** Data for the task follows **

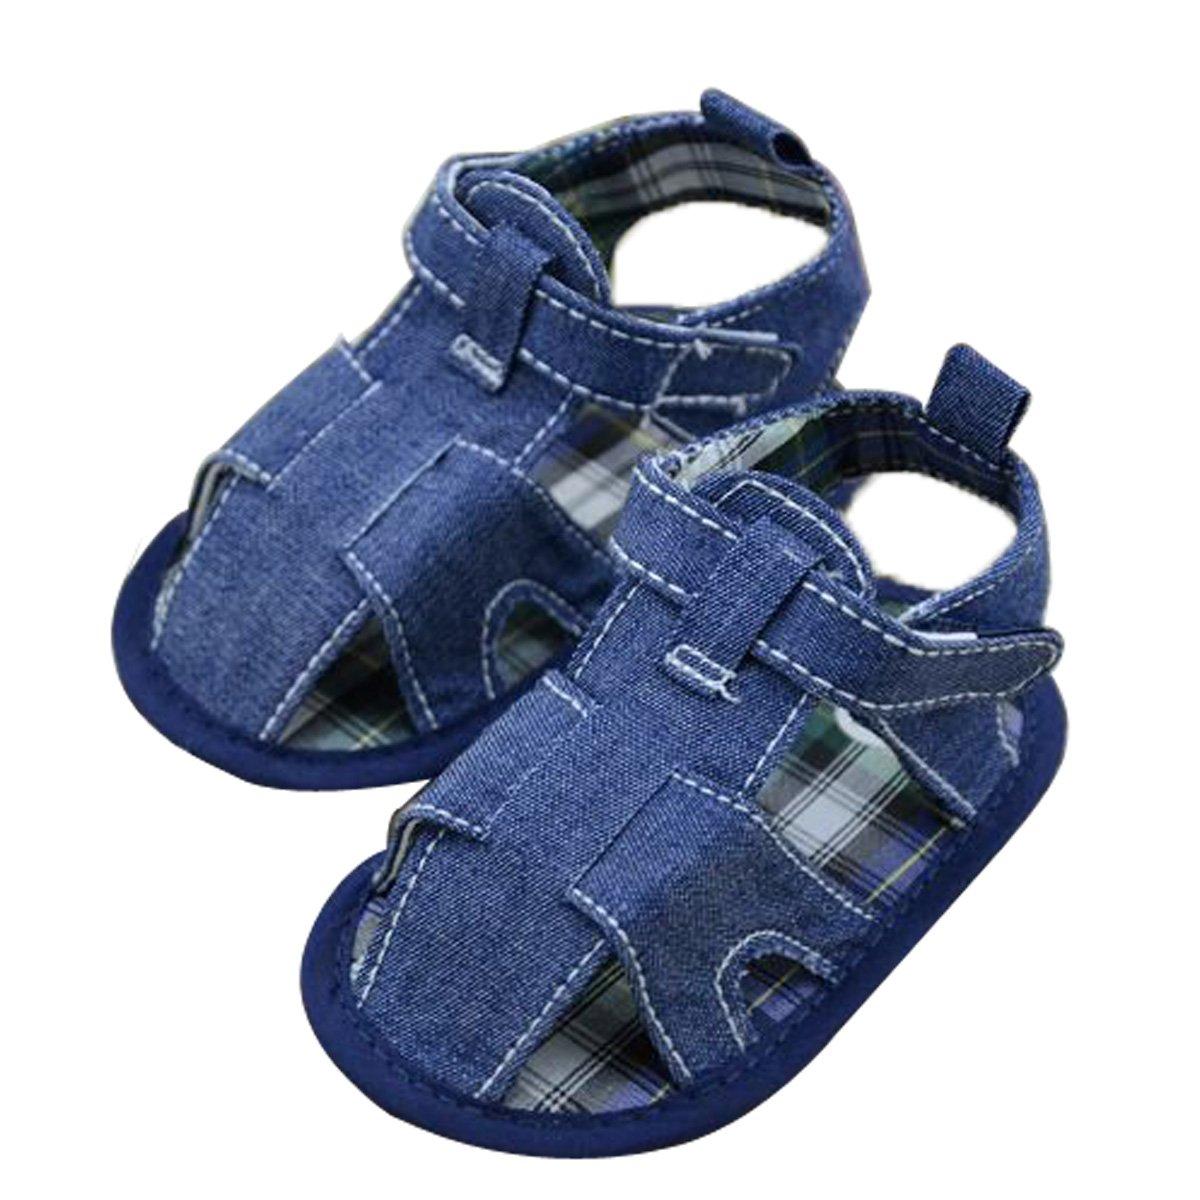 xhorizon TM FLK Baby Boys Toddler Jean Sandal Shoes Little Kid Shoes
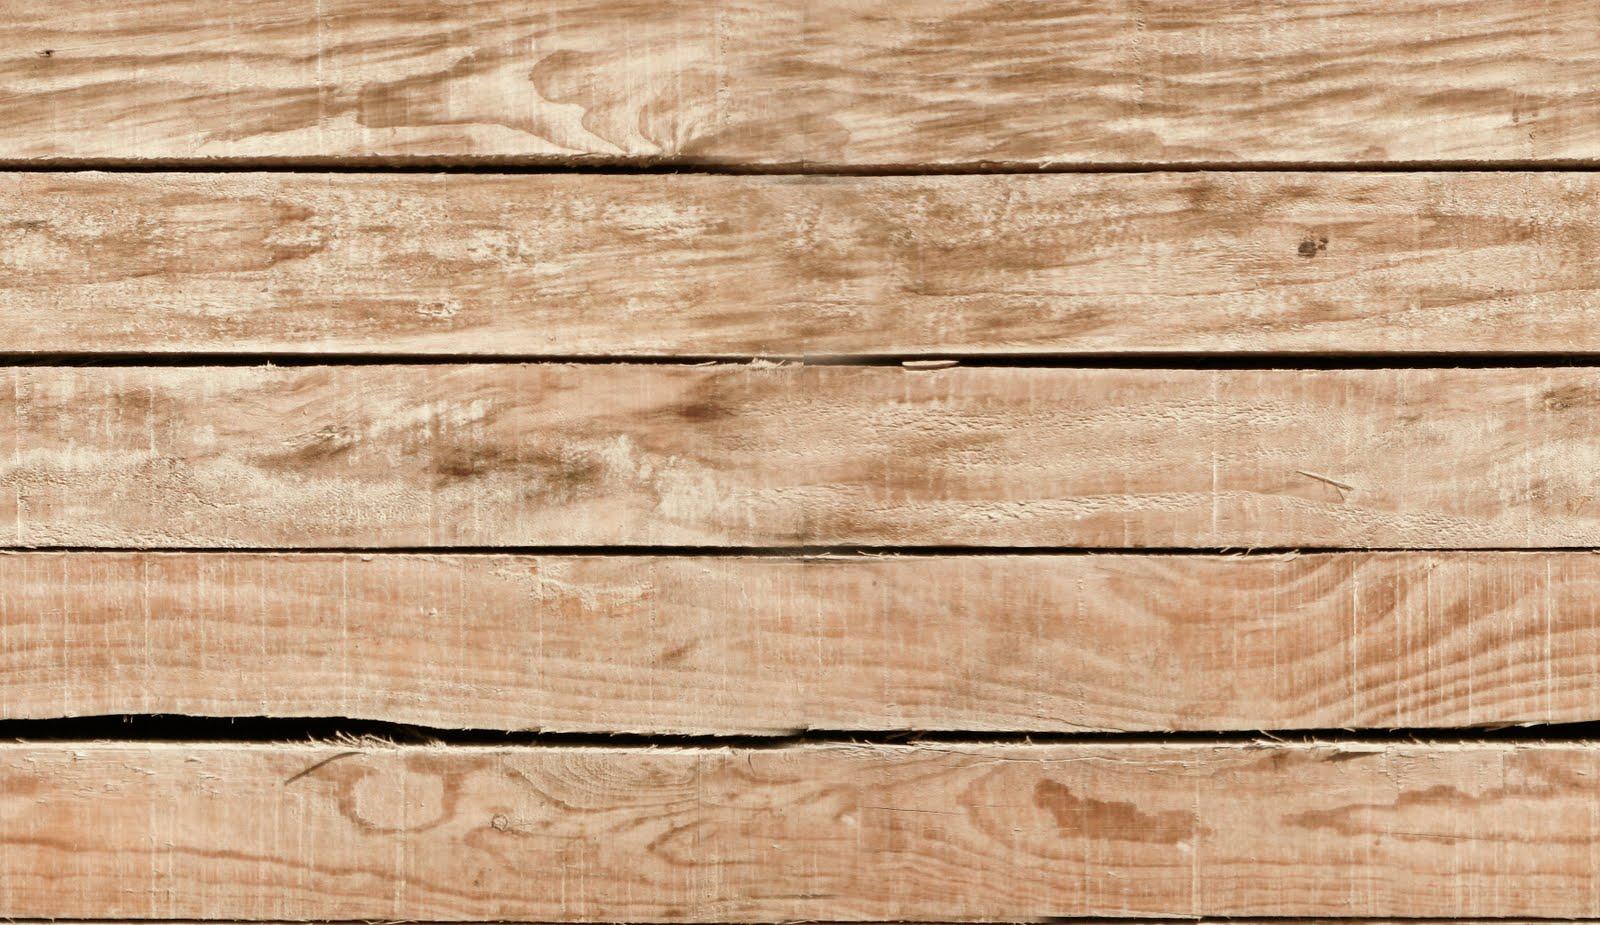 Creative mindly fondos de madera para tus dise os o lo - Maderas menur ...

** End of Data for the task **
** Data for the task follows **

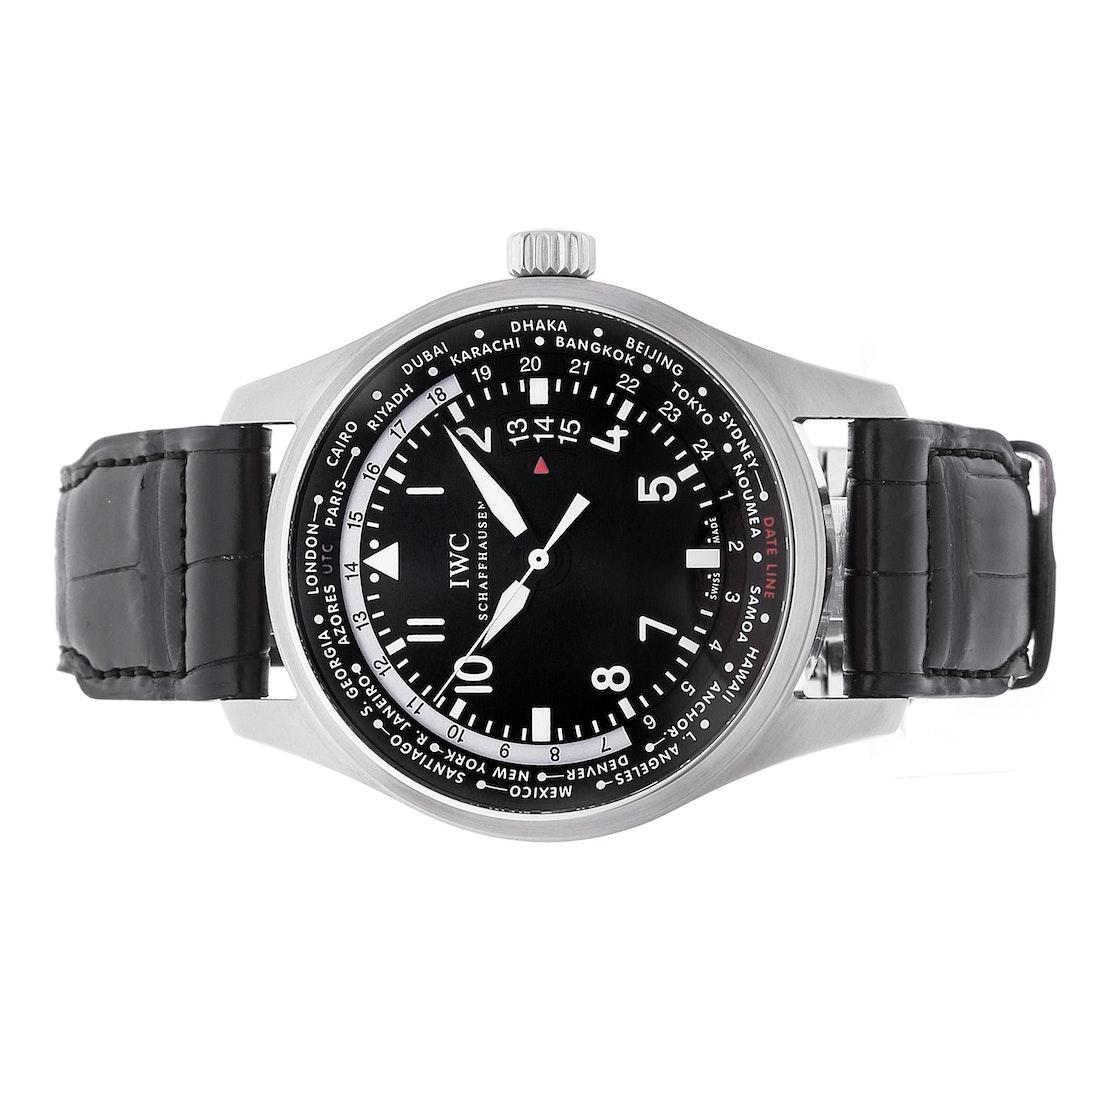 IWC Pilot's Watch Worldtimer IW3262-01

** End of Data for the task **

#### [Task goal]
Return word for word the lines of the listing above, starting at the line with "xhorizon TM FLK" and ending at the line with "Creative mindly fondos", both included. Pictures do not belong in the copy.

#### [Answer to this task]
 xhorizon TM FLK Baby Boys Toddler Jean Sandal Shoes Little Kid Shoes
 Creative mindly fondos de madera para tus dise os o lo - Maderas menur ...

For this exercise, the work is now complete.